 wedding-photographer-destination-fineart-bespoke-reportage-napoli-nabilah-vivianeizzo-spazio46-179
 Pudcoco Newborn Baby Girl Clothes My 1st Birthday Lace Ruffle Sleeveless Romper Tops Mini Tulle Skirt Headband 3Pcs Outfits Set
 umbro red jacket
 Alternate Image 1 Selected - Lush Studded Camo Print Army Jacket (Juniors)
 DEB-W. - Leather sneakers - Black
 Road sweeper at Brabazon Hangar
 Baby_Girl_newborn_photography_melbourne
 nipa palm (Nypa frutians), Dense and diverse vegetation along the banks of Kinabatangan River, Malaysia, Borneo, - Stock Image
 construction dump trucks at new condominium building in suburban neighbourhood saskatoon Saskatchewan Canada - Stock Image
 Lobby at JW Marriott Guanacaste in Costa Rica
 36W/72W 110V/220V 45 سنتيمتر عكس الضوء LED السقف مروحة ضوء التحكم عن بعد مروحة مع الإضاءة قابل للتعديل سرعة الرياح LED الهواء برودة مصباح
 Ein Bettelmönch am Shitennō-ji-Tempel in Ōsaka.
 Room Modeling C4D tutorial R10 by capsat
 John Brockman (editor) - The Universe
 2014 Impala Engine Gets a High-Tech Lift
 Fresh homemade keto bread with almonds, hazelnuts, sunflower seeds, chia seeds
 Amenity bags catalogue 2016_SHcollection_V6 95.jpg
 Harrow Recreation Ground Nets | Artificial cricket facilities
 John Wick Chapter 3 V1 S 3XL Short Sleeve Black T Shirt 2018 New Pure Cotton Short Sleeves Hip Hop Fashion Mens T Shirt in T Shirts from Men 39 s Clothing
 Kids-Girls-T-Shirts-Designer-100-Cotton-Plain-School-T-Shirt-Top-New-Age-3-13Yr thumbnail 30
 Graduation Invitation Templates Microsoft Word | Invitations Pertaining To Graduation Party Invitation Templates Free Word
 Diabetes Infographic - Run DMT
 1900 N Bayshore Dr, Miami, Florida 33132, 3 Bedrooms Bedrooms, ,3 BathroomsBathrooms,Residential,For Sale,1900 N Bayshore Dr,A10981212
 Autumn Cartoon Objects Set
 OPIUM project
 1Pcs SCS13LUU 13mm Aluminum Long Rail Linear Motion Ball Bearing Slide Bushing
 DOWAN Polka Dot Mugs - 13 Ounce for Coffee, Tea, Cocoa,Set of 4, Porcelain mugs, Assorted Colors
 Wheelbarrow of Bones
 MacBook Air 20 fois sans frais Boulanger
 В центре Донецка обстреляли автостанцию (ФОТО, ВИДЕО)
+ + +
[Activity]
Report every line from the listing above where the string "Shirts" can be found.

[Written solution]
 John Wick Chapter 3 V1 S 3XL Short Sleeve Black T Shirt 2018 New Pure Cotton Short Sleeves Hip Hop Fashion Mens T Shirt in T Shirts from Men 39 s Clothing
 Kids-Girls-T-Shirts-Designer-100-Cotton-Plain-School-T-Shirt-Top-New-Age-3-13Yr thumbnail 30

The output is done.